Gonzalez and Avila point out that Gonzalez made mortgage payments of approximately $33,600 from the time of breach until December 2015. These payments included the interest on the loan and thus they appear to be arguing that the amount of damages must be reduced by the interest paid by Gonzalez rather than the reduction in principal. The trial court initially indicated that it would reduce the amount of damages by this amount, but it stated that this “reduction would be too large, given that Ms.
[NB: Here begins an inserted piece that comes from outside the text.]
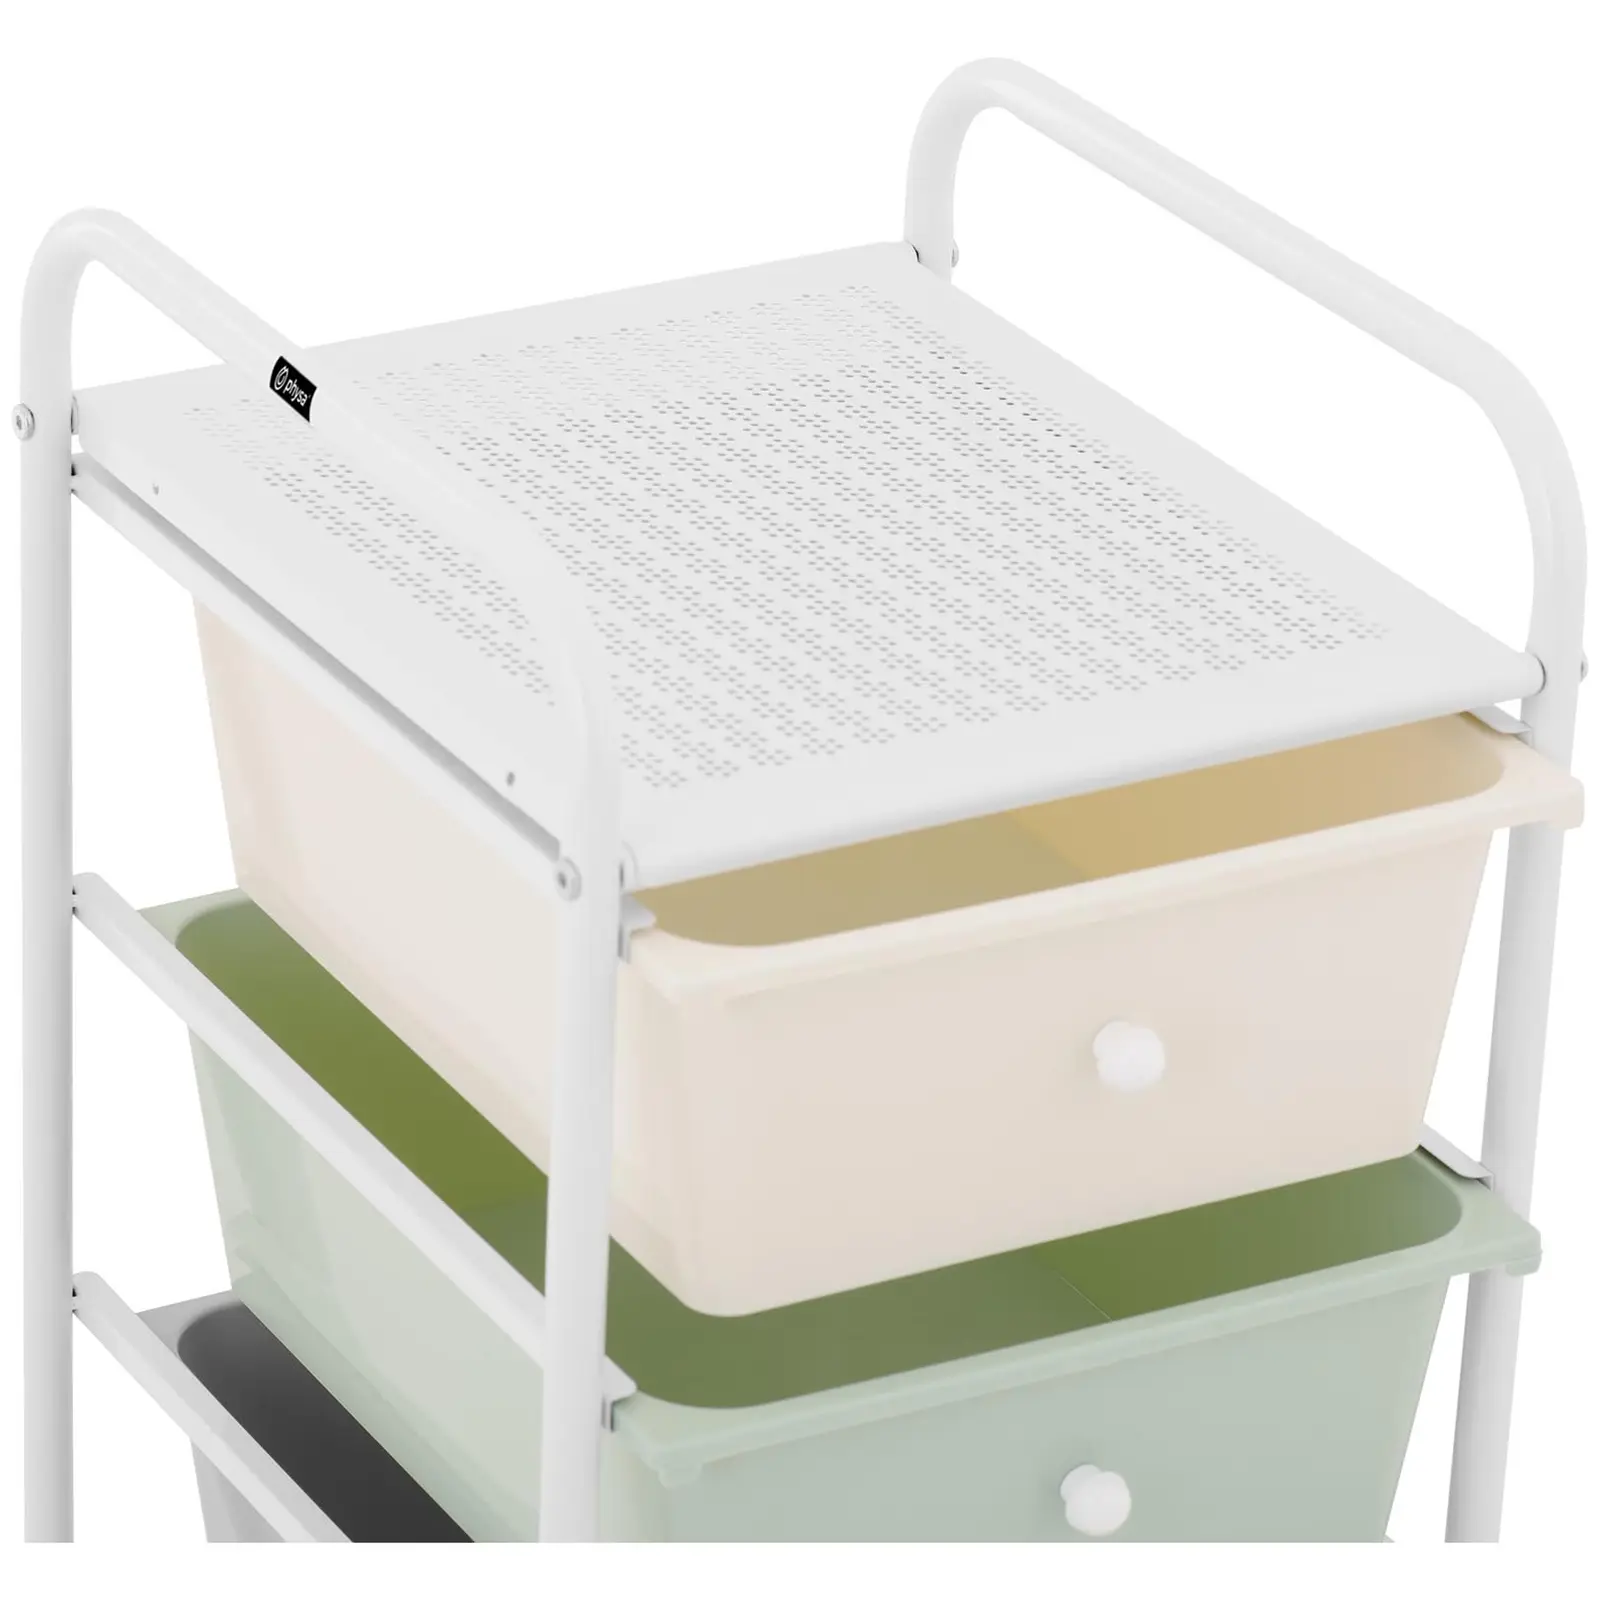 Trillebord for salong - 4 skuffer - grønn/grå/rosa/beige

Gonzale[z] would be incurring rental obligations for living in that house, if the home had been transferred.”
“[I]t is presumed that the unreported trial testimony would demonstrate the absence of error.” (Fain, supra, 75 Cal.App.4th at p. 992.) Without the reporter’s transcript of the trial, this court must presume that rental value of the property offset the amount of interest that Gonzalez paid. Accordingly, we find no error in the trial court’s calculation of damages.

III. Disposition
The judgment is affirmed.






_______________________________
Mihara, J.



WE CONCUR:






______________________________
Elia, Acting P. J.






______________________________
Bamattre-Manoukian, J.





Description The present appeal arises out of a dispute over the sale of real property. The trial court ruled that plaintiff Javier Flores could not recover equitable claims of specific performance and quiet title against defendants Amalia Gonzalez, Amalia Avila, and Jorge Oseguera Andrade. However, the trial court ruled that Flores could recover damages against Andrade for breach of contract and against Gonzalez and Avila for intentional interference with economic advantage. Gonzalez and Avila appeal from the judgment. They raise contentions relating to the sufficiency of the evidence, unjust enrichment, attorney’s fees, and damages. We find no error and affirm.